Feminism’s Incompatibility with Christian Faith
by Susan Cyre
Feminist Daphne Hampson, a systematic theologian at the University of St. Andrew, Scotland, writes, “To be a Christian is not simply to preach Jesus’ message. It is also to proclaim a message about Jesus—and therein for a feminist lie all the problems”1 (emphasis mine). Feminism as an ideology with its own set of priorities, goals, and premises competes for our allegiance to the Jesus Christ of Scripture. While feminist ideology can recognize some parts of Jesus’ message as compatible with their own premises and goals, it cannot accept Jesus’ person as the definitive revelation of God. Feminist ideology cannot proclaim a message about Jesus Christ.
This incompatibility is recognized by feminists themselves. Daphne Hampson, baptized in the Church of England, and Mary Daly, a former Roman Catholic, both now reject Christian faith and consider themselves “post-Christian.” Naomi Goldenberg wrote as early as 1979, “The feminist movement in Western culture is engaged in the slow execution of Christ and Yahweh.”2 Referring to early feminist Elizabeth Cady Stanton, Goldenberg wrote, “The first feminist critic of biblical traditions understood that Judaism and Christianity had to be eliminated for the position of women to be significantly improved.”3
The Autonomous Feminist
An underlying premise of feminist ideology is inherited from the modernism that spawned feminism: we are autonomous decision-makers. Phillip Johnson, a University of California law professor, has defined modernism as “the condition that begins when humans understand that God is really dead and that they therefore have to decide all the big questions for themselves.”4 Johnson’s definition applies equally to feminist ideology, and it is this claim to autonomy that makes feminist ideology incompatible with Christian faith.

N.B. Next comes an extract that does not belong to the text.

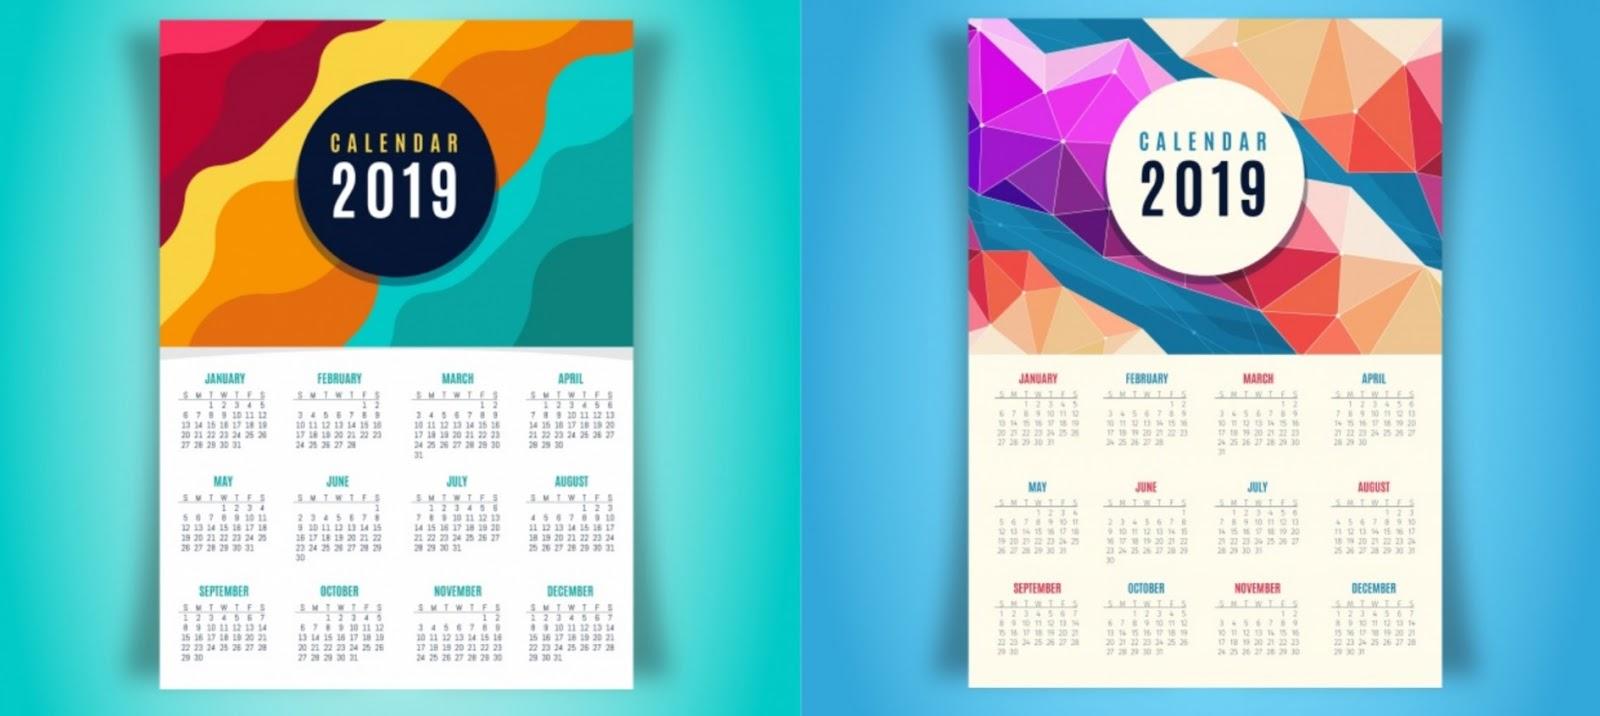 Download Kalender 2019 Portugal, Indonesia dan Spanyol Format PNG dan PDF [Lengkap]
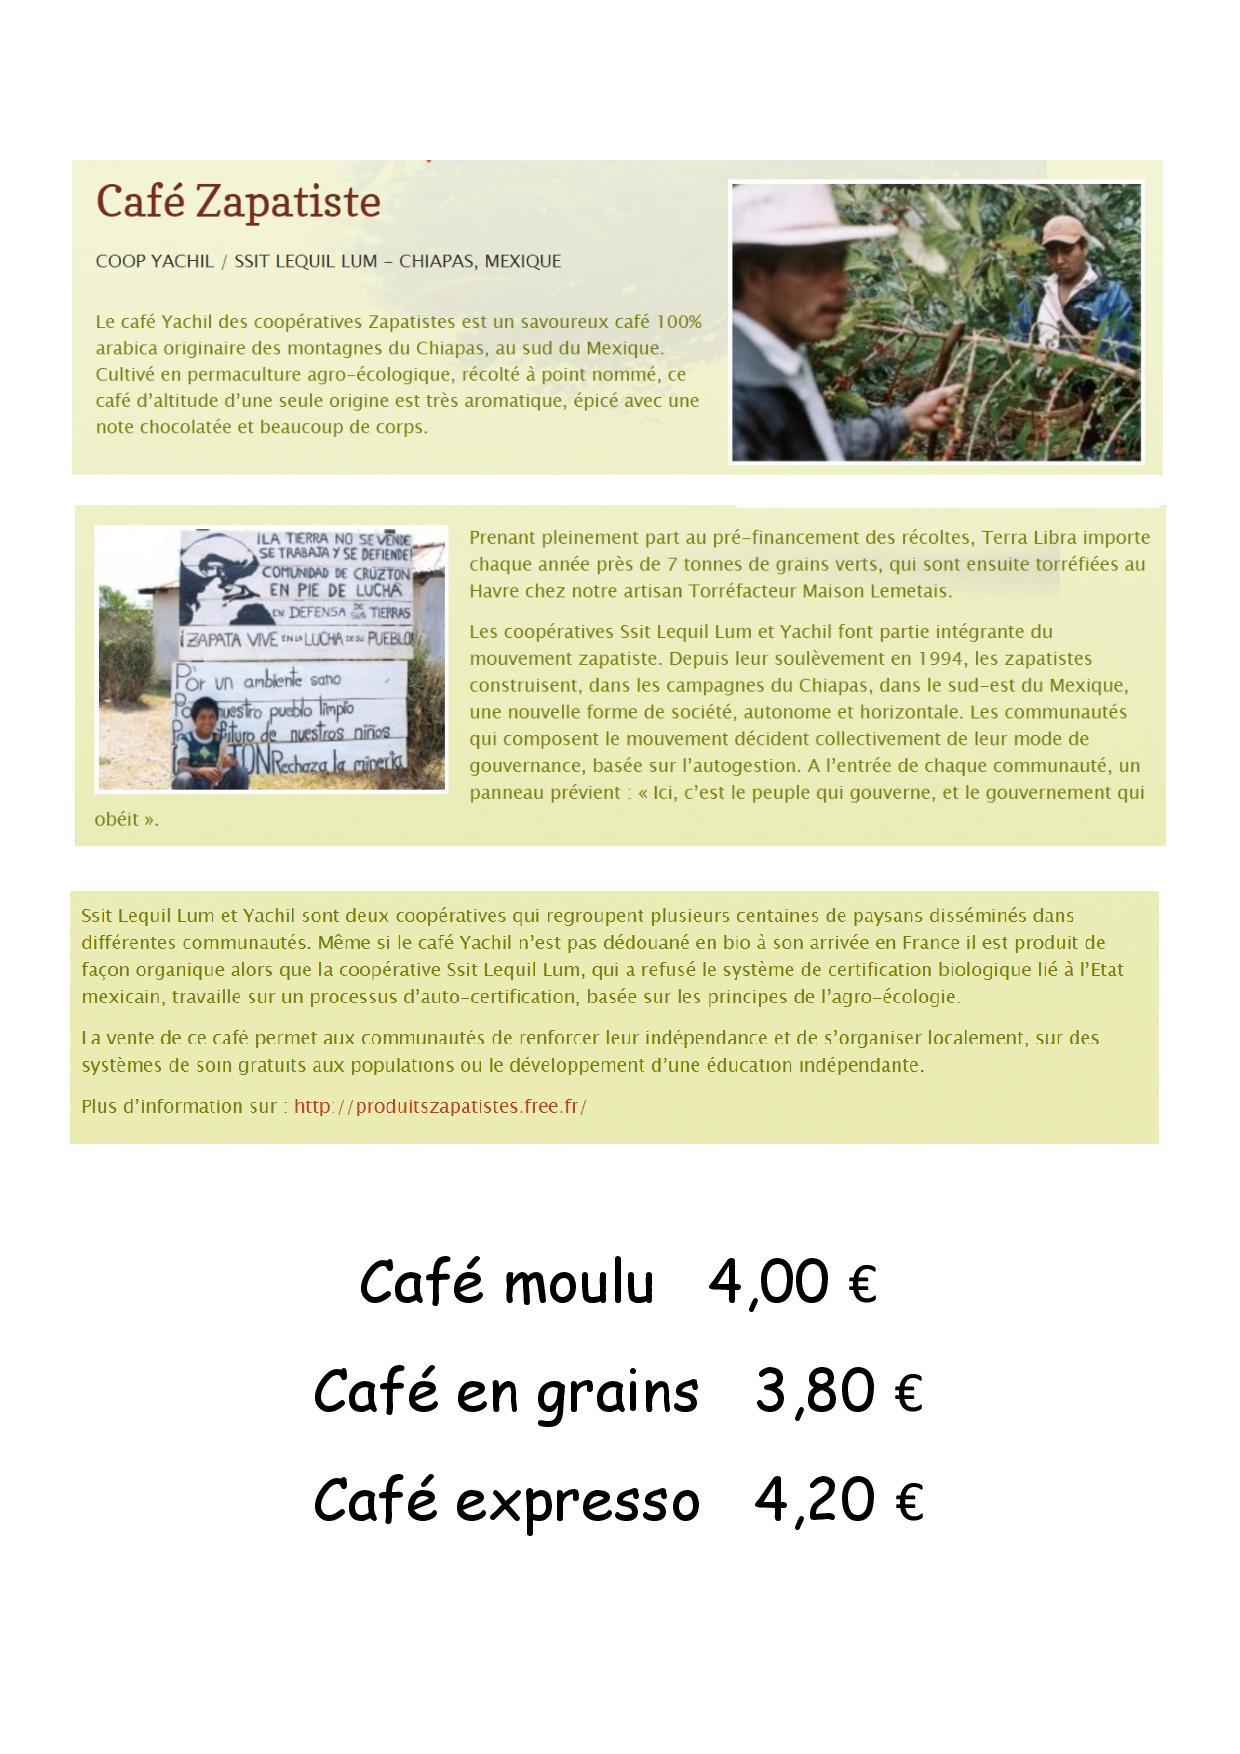 Cafe zapa page 001

Modern men and women have rejected transcendent truth, believing that no God who decides the “big questions” exists. Feminist ideology is but one manifestation of this denial of transcendent truth. The malady is widespread. A Barna poll found that two-thirds of the American people believe that there is no such thing as transcendent truth. Fifty-three percent of those professing to be conservative Christians also said there is no such thing as absolute truth.5 University of Chicago Professor Allan Bloom wrote in his 1987 book, The Closing of the American Mind, that “almost every student entering the university believes, or says he believes, that truth is relative.”6
The fundamental question is, “Who decides what truth is?” or in Johnson’s words, “Who decides the big questions?” If we decide, we only can do so by first denying the transcendent God who spoke definitively in Christ. For in Christ, God, who is the author of truth, answers those big questions. To be autonomous decision-makers and decide the big questions, feminists must reject the historical Jesus Christ revealed in Scripture and, therefore, must end up post-Christian. For human beings to believe they are autonomous, they must first reject a God who is autonomous.
The Projection of Men
Feminist ideology is based on the premise that all religion is a human construct by the ruling males who use it to oppress women. As in Marxism, religion is seen as a tool created by those in power to keep their subjects submissive. Feminists charge that men were the leaders in Hebrew and Greek society and so devised a religion that supported their positions of power. According to feminist ideology the transcendent God revealed in Scripture is a projection of men. In addition, Scripture, theology, and the Church all represent efforts by men to affirm their own position and oppress others. Feminist writer Mary Daly summed up the feminist argument that men created a God to affirm their superiority: “If God is male then male is god.”
If the Christian God and Christian faith is a projection of men’s experience, the next step for the feminists is natural enough. Feminist ideology calls women to imagine a new god and new religion as a projection of women’s experience. Women, then, become the final arbiters of the content of truth.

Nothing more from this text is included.